>Turkey Sloppy Joes

I fell in love with Sloppy Joes, that messy and sweet meat concoction, as soon as I bit into one. It was at the school cafeteria in fifth grade, soon after I moved to the States. I think I initially loved it because of how decidedly un-French it was. Then I loved it because of how good it is. You have to really embrace and commit to eating a sloppy joe. You can’t do it daintily or half-heartedly. You have to know that it’s going to run all over your hands and most likely down your chin as well. There will most definitely be finger linking involved. And when you’re all cleaned up, you’ll wish there was still some left to lick off.

One of the most unpleasant discoveries I’ve made since moving to New Jersey has to do with the fact that Sloppy Joe’s are a completely different sandwich here. They’re more of a deli sandwich with cole slaw on it. No ground meat, no tomato, no sweetness. A different sandwich altogether. It’s probably a good sandwich – but I’ve never forgiven it for usurping the name of my Sloppy Joe.

I recently found a delicious recipe for a Turkey Sloppy Joe in Gourmet. They suggest serving it with Cheddar Buttermilk biscuits. I got lazy last week and had it with brioche rolls, but I’ve made the biscuits before and they really add to the recipe.

Turkey Sloppy Joes (adapted from Gourmet 2004)
3 tablespoons olive oil
1 large onion, chopped
2 celery ribs, chopped
4 garlic cloves, finely chopped
2 1/2 lbs ground turkey
1 teaspoon salt
1/2 teaspoon black pepper
1 32 oz can whole tomatoes in juice
1/2 cup ketchup
2 tablespoons molasses
3 tablespoons brown sugar
2 tablespoons cider vinegar
1 1/2 tablespoons Worcestershire sauce
1 1/4 teaspoons Tabasco

1) Heat oil in a wide and deep saucepan over moderately high heat until hot but not smoking, then saute onion, celery, and garlic until golden about 10 minutes.
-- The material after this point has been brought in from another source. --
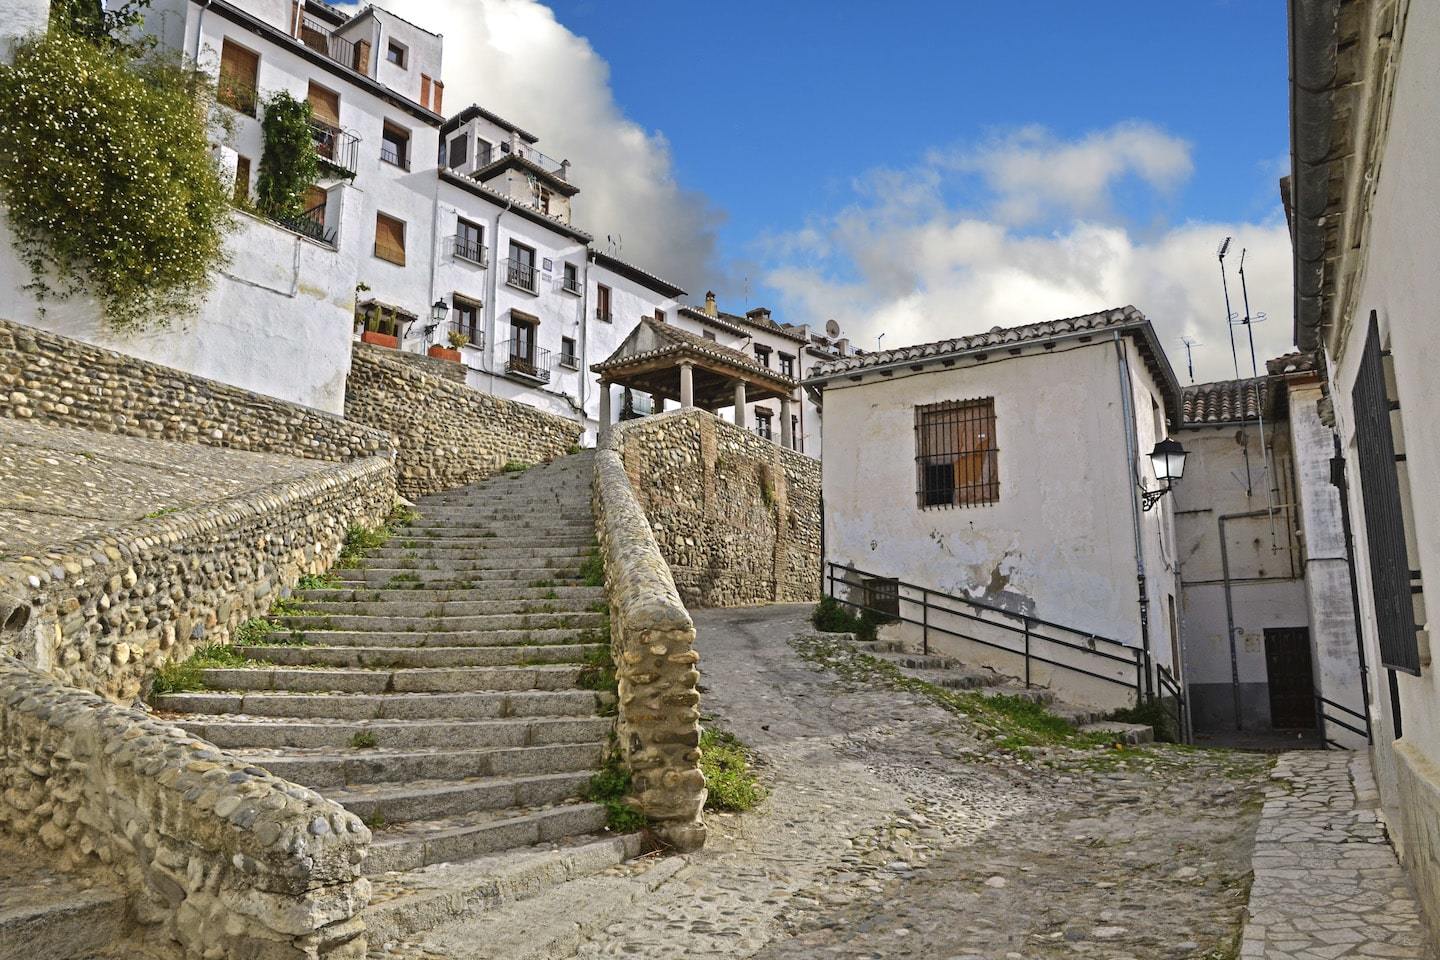 stone steps and buildings in front of blue sky

Add turkey and saute, stirring occasionally and breaking up large clumps with a wooden spoon, until meat is no longer pink. Stir in salt and pepper.
2) Puree tomatoes with juice, ketchup, molasses, brown sugar, vinegar, Worcestershire sauce, and Tabasco in a blender until smooth. Add to turkey and simmer, uncovered, stirring occasionally, until sauce is thickened, 25 to 30 minutes.
3) Serve turkey sloppy joes on split biscuits. They’re even tastier the second day.
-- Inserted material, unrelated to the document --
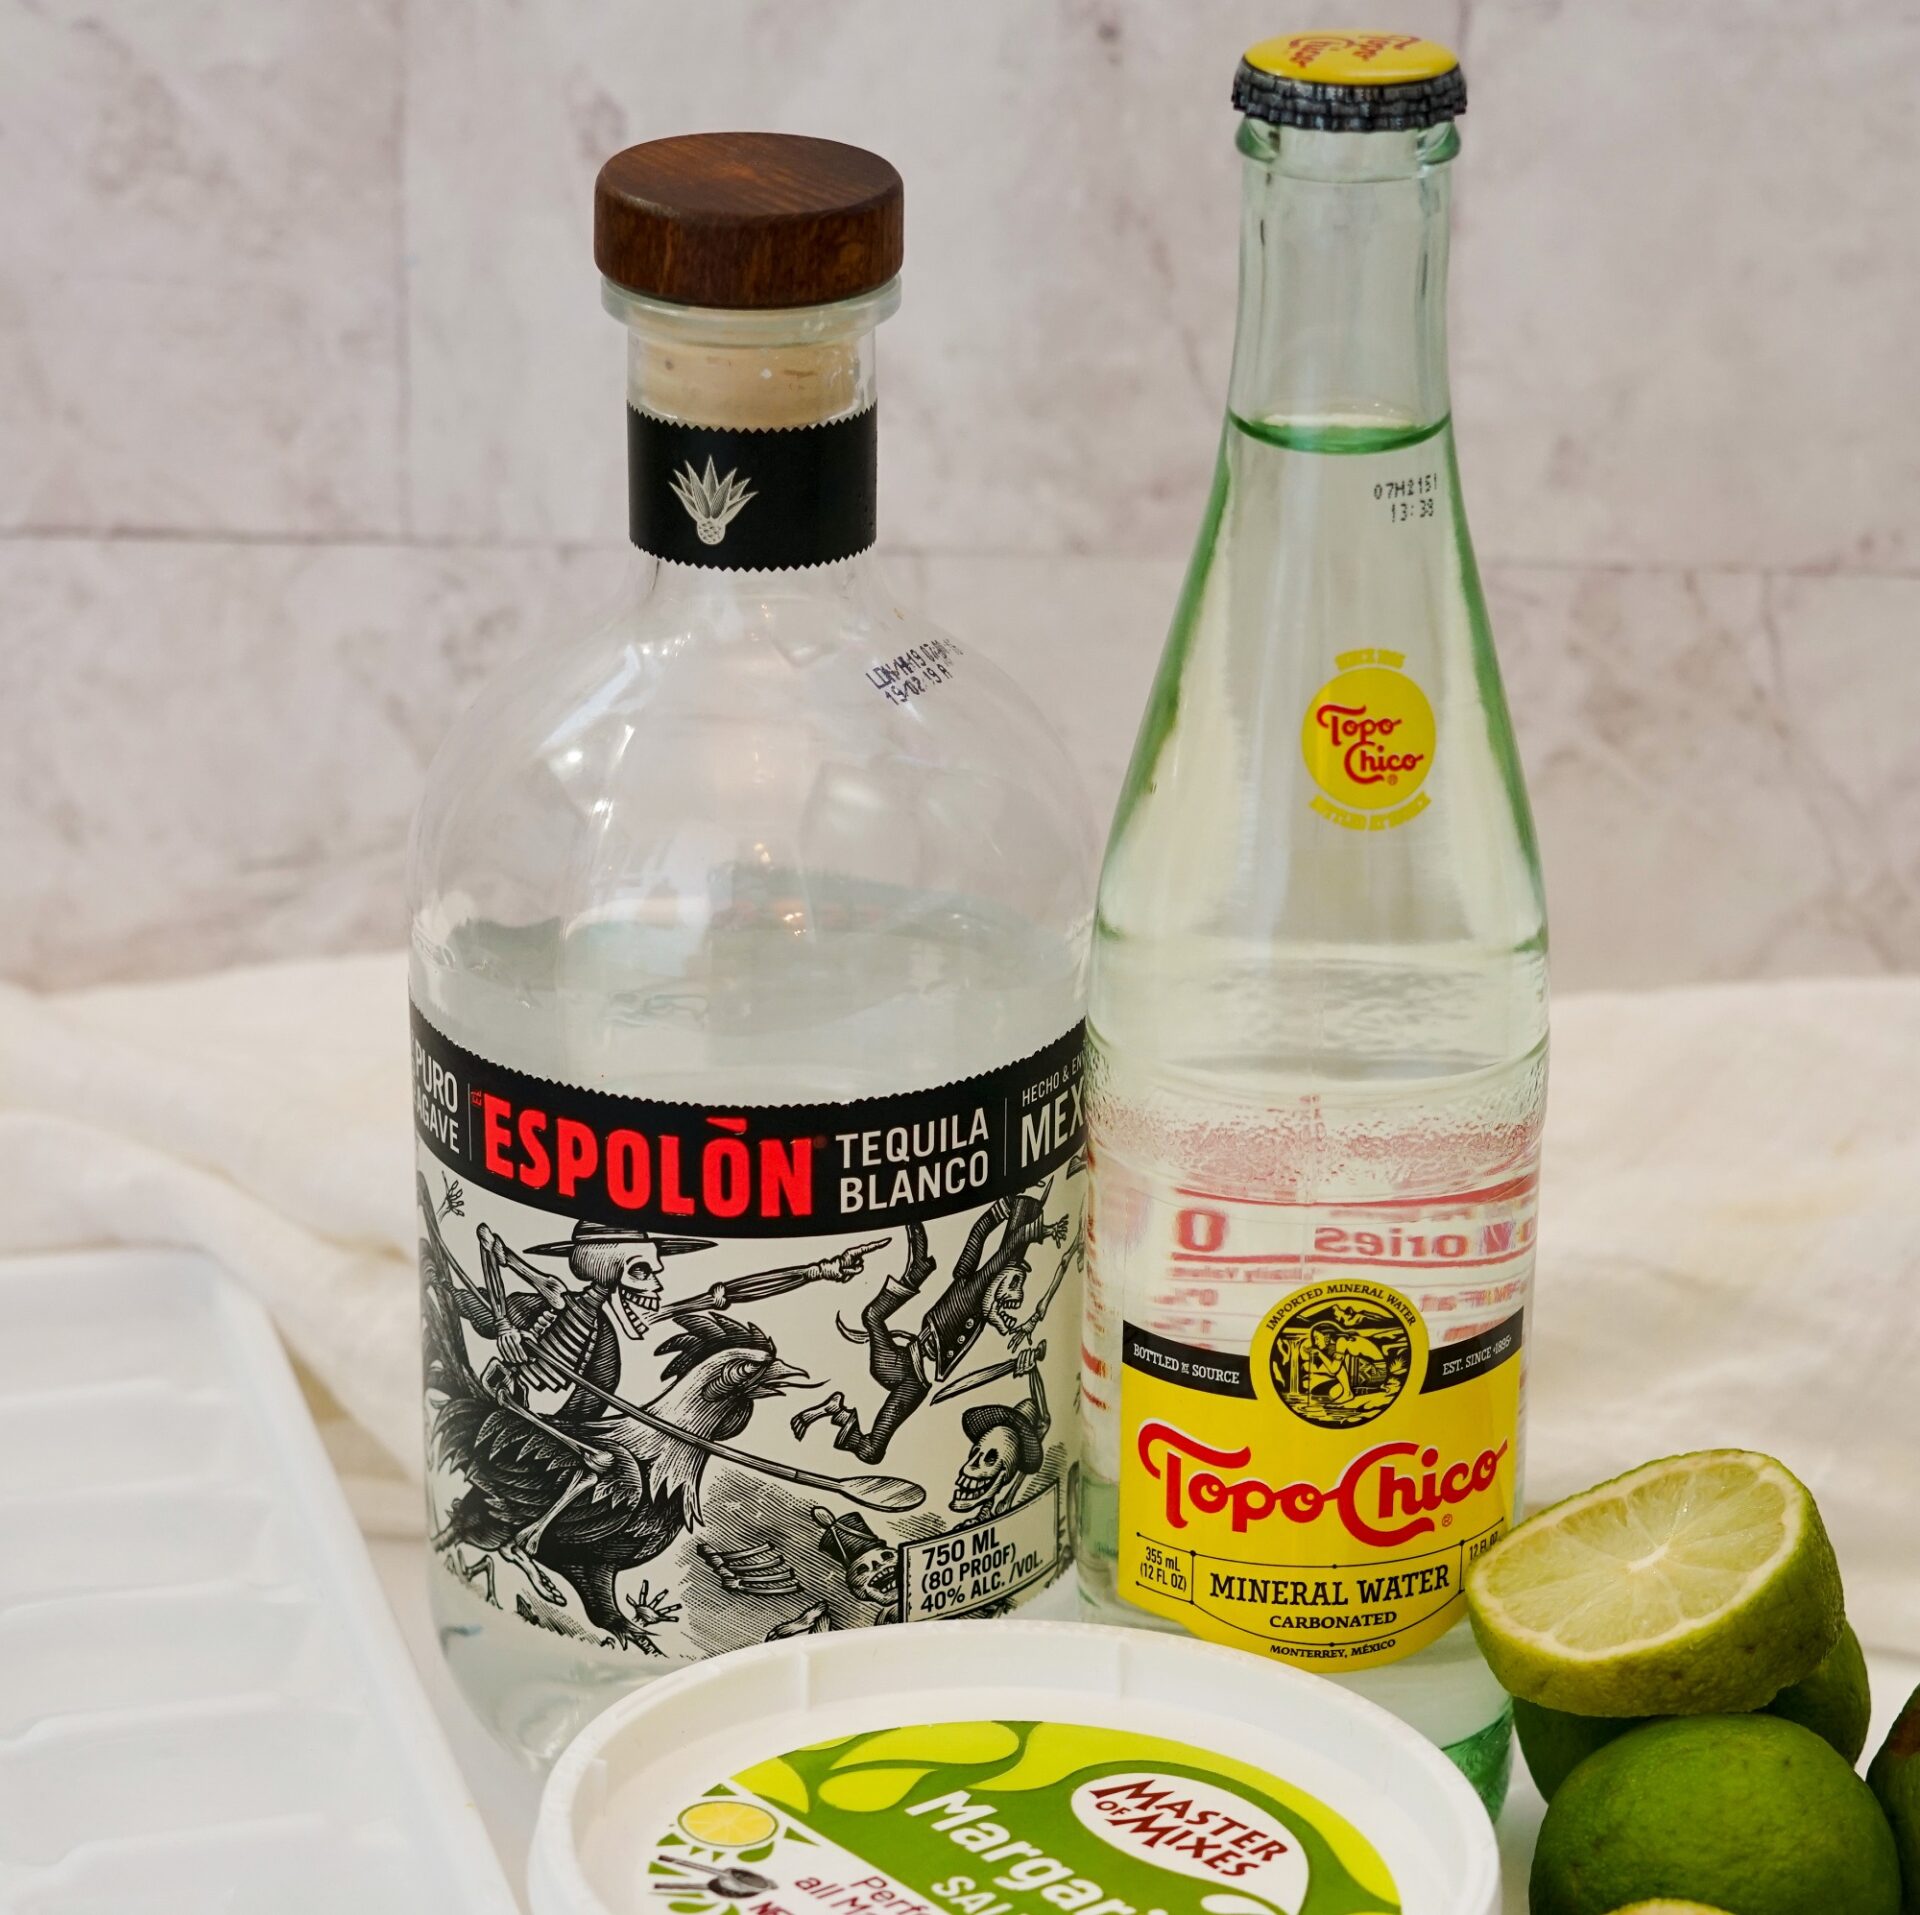 Bottle of Espolòn blanco tequila with Topo Chico mineral water.

Cheddar Buttermilk Biscuits (directly from Gourmet without changes)
1 3/4 cups all-purpose flour
3/4 cups cornmeal
4 teaspoons baking powder
1 teaspoon baking soda
1 teaspoon salt
1/2 stick cold unsalted butter, cut into 1/2 inch cubes
6 oz extra sharp cheddar cheese, coarsely grated
3 tablespoons finely grated Parmigiano-Reggiano
3 scallions, finely chopped
1 1/3 cups well-shaken buttermilk

1) Put oven rack in middle position and preheat oven to 450 degrees Fahrenheit. Butter one large baking sheet.
2) Whisk together flour, cornmeal, baking powder, baking soda, and salt in a bowl, then blend in butter wtih your fingertips or a pastry blender until mixture resembles coarse meal. Stir in cheese and scallions with a wooden spoon, then add buttermilk and stir until just combined.
3) Drop dough in 8 equal mounds about 2 inches apart on baking sheet. Bake until golden, about 15 minutes. Transfer to a rack and cool to warm, about ten minutes, then cut in half horizontally.
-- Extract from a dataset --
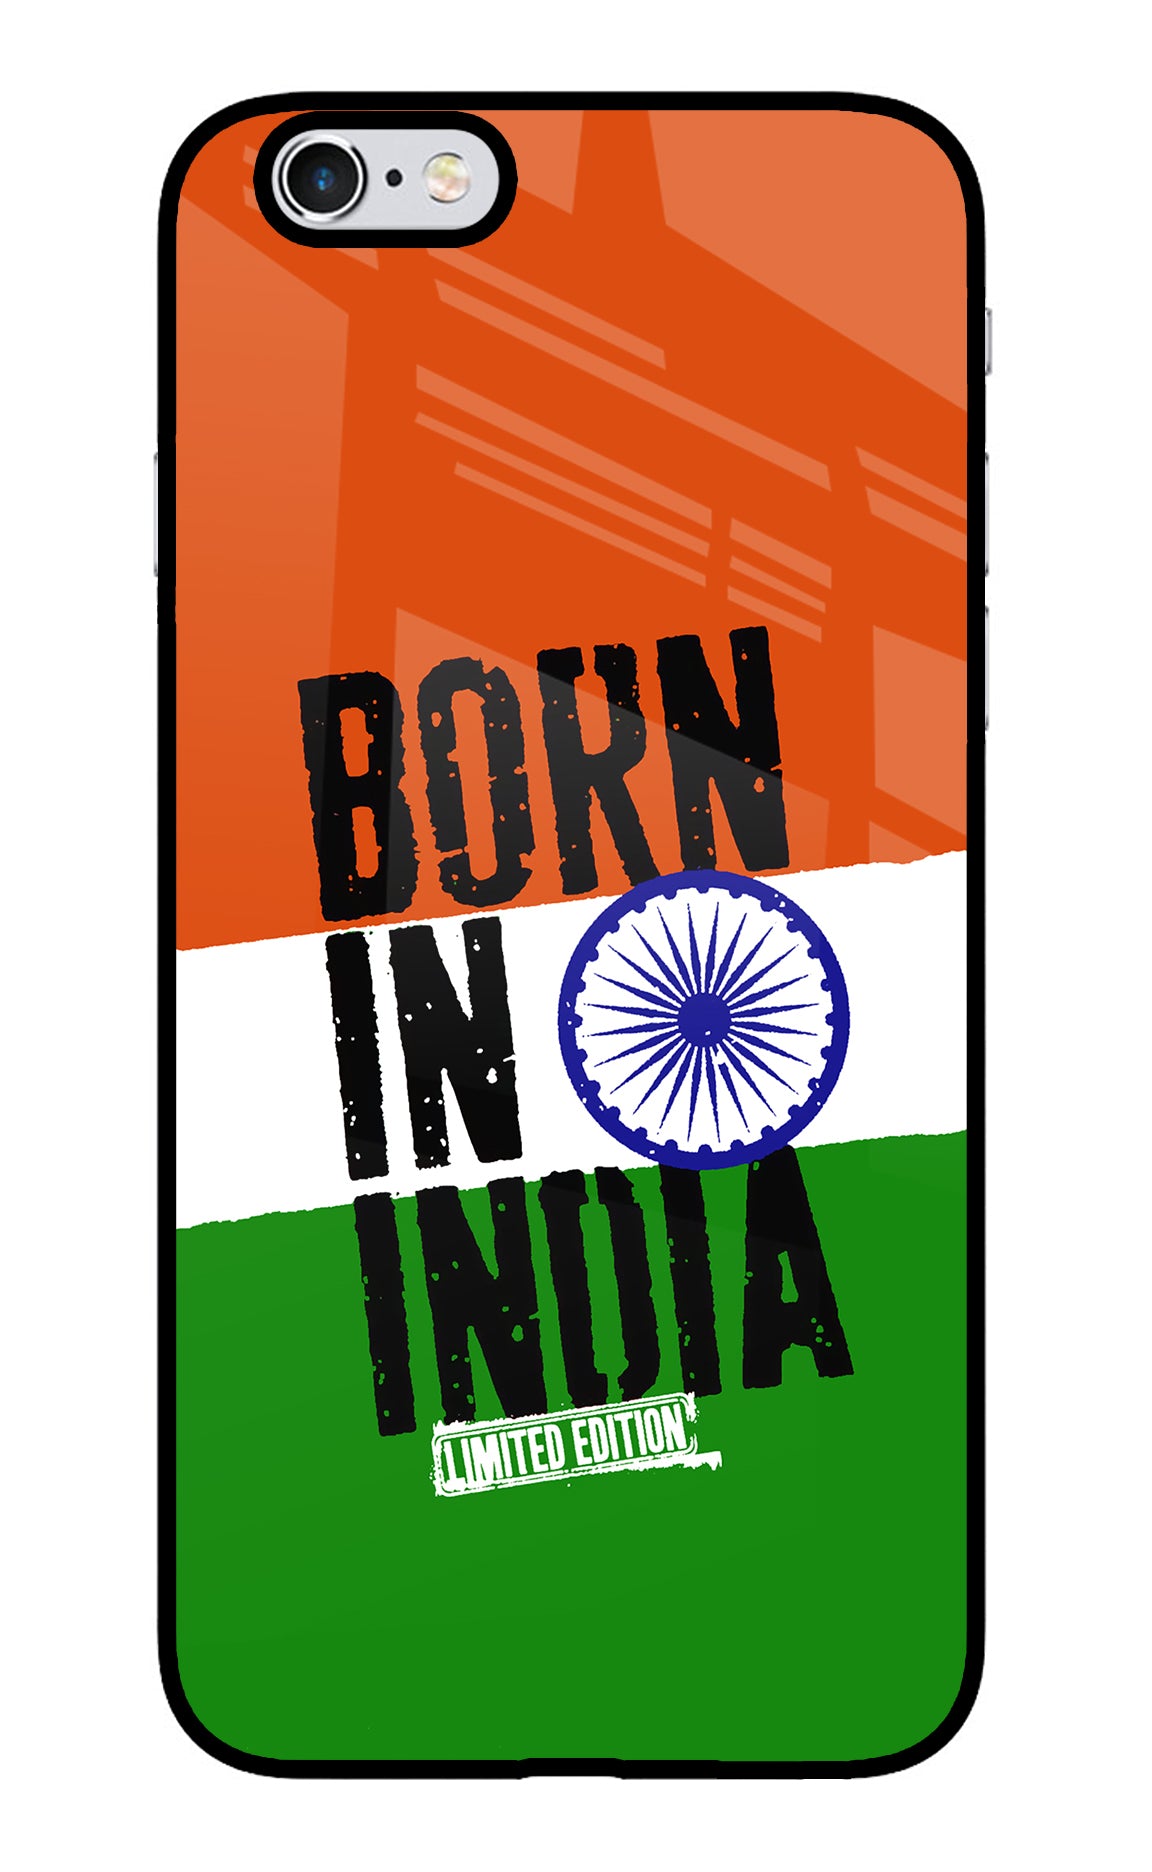 Born in India iPhone 6/6s Glass Case

5 Responses to >Turkey Sloppy Joes

  1. >YUMMY! Those look DELICIOUS!
    I’ve been a late convert to Sloppy Joes, but now I love ’em..as does my sloppy son!

    Can I also just say, you have got SUCH a winning smile? Contagious!

  2. >I love sloppy joes as well! And, we use turkey pretty much all the time now -except in meatloaf. I’ve tried it, it just wasn’t the same.

    I’m going to print this off!

    Thanks girl… I’m loving your tasty tuesday!

  3. >Mmm… yumm, Sloppy Joes.
    I loved them as a kid.
    Have yet to introduce them to mine as they are afraid of all things messy (their quirk not mine) but this recipe looks like a good start!